Chickadees and nuthatches beckon down the trail. Downy cottonwood seeds fall and we see a chickadee picking through them. Someone spots an American kestrel. These tiny falcons are the smallest raptor in the Americas, Bill notes. A wooden gate leads us into the native plant gardens, where volunteers are watering, weeding, and raking amidst beds holding flowers, cacti, and many local plants. Butterflies sip from the flowers, and I spot an orange-winged blister beetle hanging upside down from a leaf.
The group has mostly dispersed, and Bill heads indoors as the rest of us say our farewells. My thirst for the wild has been quenched by this excursion into the otherwise forbidden Bosque. Feeling at one with this quiet riparian realm, I regretfully break the bond and amble back toward my car, though I know I’ll return soon to experience its natural grandeur.
The Rio Grande Nature Center is within the city limits in the Albuquerque Bosque (the Cottonwood forest that surrounds the river) that divides the city’s east and west sides, 15 minutes from downtown Albuquerque.
Address: 2901 Candelaria Ave NW
Albuquerque, NM 87107
Front Desk: (505) 344-7240
Office: (505) 343-1373
RGNC website link:http://www.rgnc.org/
The RGNC is part of New Mexico’s State Park system. NM State Parks link: http://www.emnrd.state.nm.us/PRD/
If You Go
The entry fee is $3 per vehicle ($15 per bus). The RGNC is open daily year-round, except Thanksgiving, Christmas, and New Year’s Day. No reservations are required, even for the free nature and bird walks.
Visitors must stay on the trails, leave nothing behind and take nothing with them besides photographs and good memories.
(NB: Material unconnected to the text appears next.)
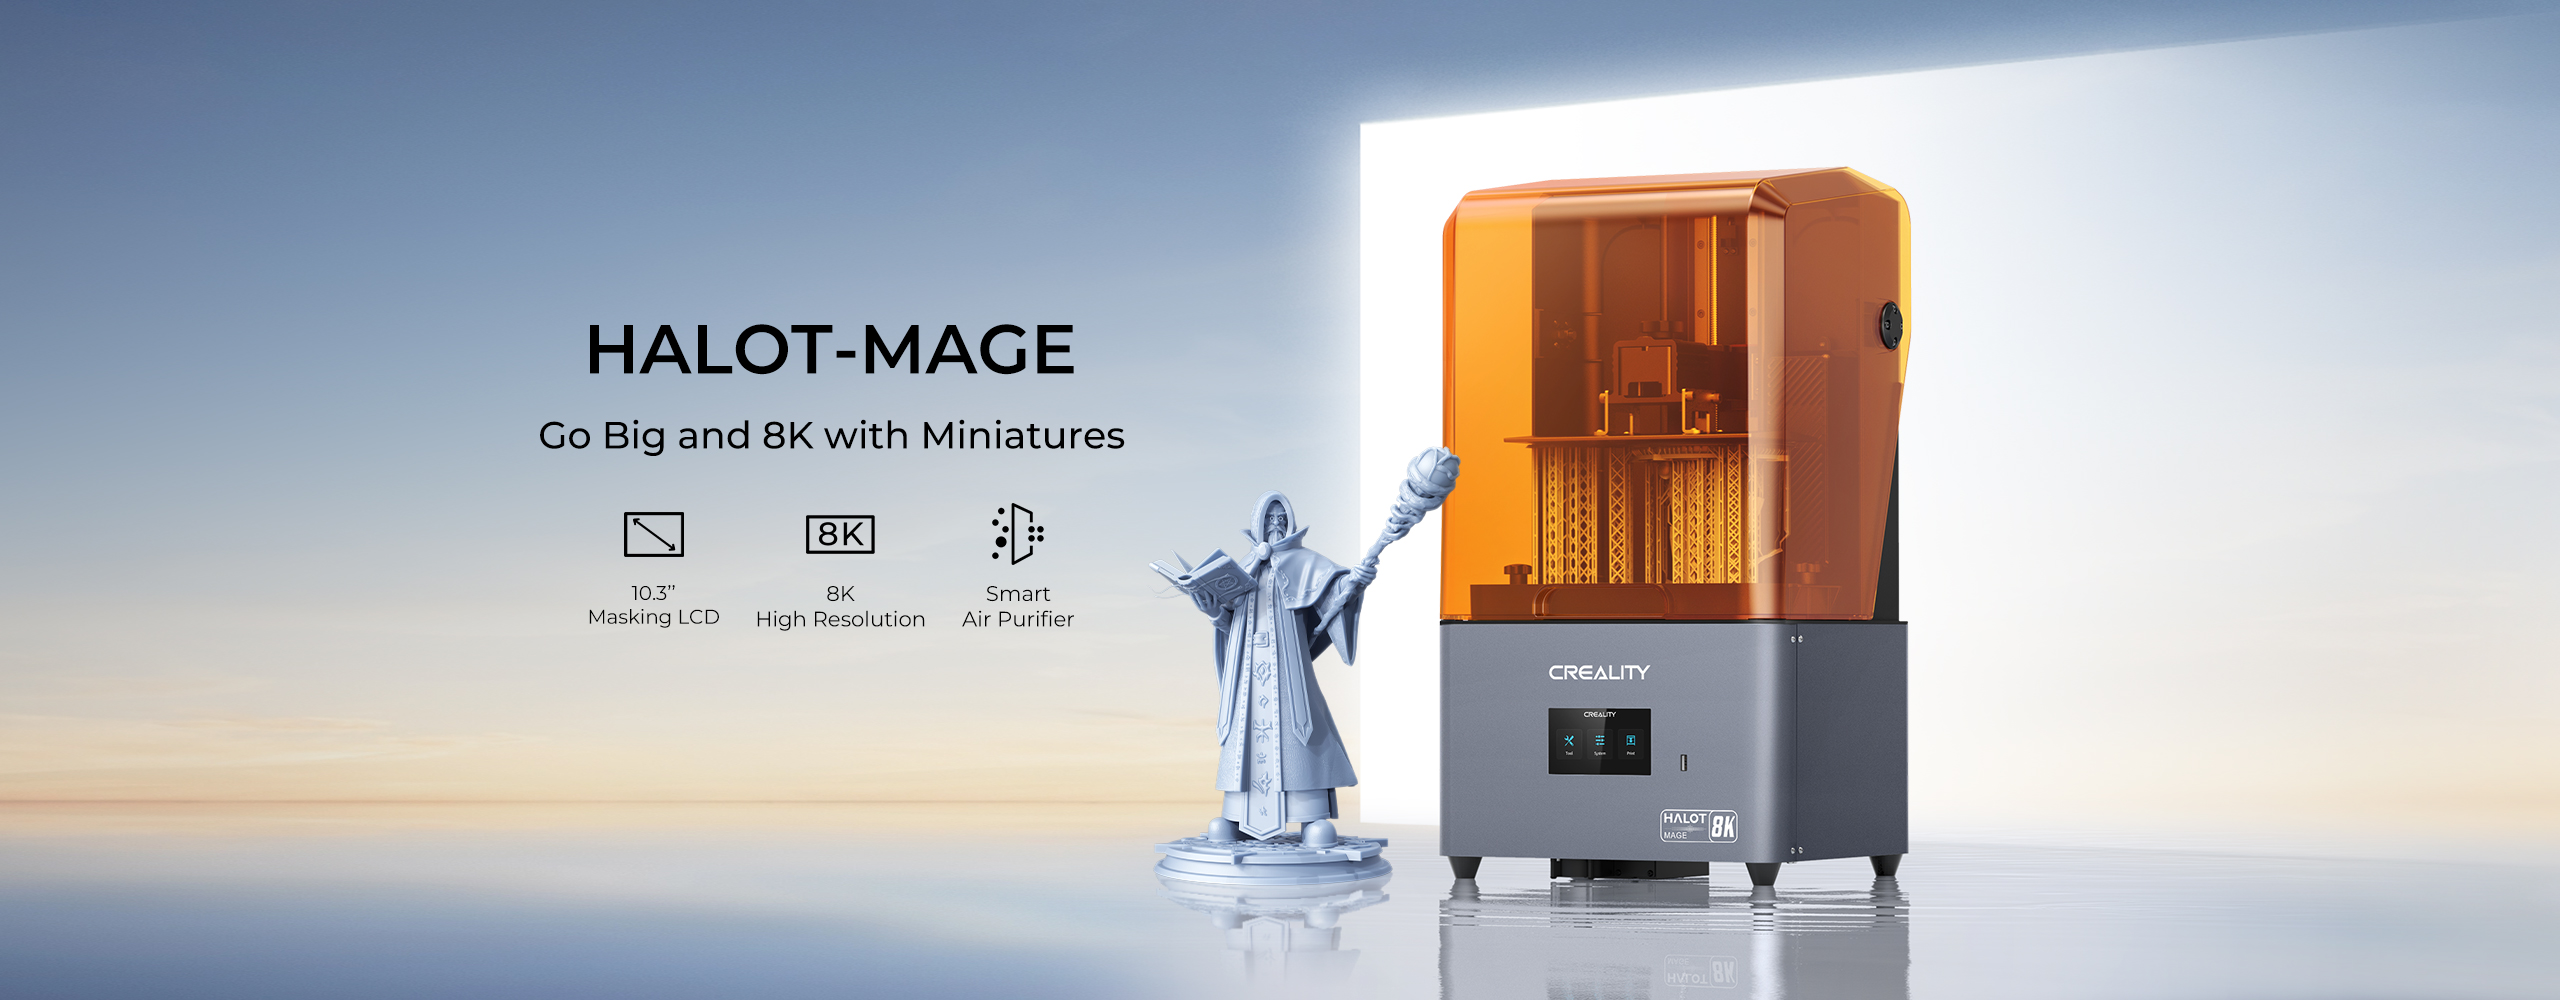 HALOT-MAGE 3D Printer - Creality 3D

The bird walk takes about 2 hours, and it is advisable to bring:
• Binoculars or viewing scope
• Camera (telephoto lens recommended for wildlife shots)
• Hat with brim
• Water bottle
• Light snack
Depending upon the season, wear appropriate outdoor clothing:
• Comfortable walking footwear
• Hiking socks
• Clothing: olive, tan, camouflage or other neutral colors
Over 300 species of birds, including over 40 year-round residents, including:
• Wood duck
• Canada goose
• Bald eagle
• Green heron
• Sandhill crane
• Black phoebe
• Ash-throated flycatcher
• Black-chinned hummingbird
• Cottontail rabbit
• Bull snake
• A variety of turtles, frogs, toads, and lizards
About the Author
Alan Edmonds has been a nature enthusiast from an early age. He grew up in New Jersey, moving to Albuquerque 15 years ago to live near the natural beauty of the Southwest.
Alan enjoys the outstanding hiking trails and mountain bike rides within a few hours of Albuquerque. A college English instructor and tutor, he likes to use his writing skills to communicate the wonders and beauty of nature.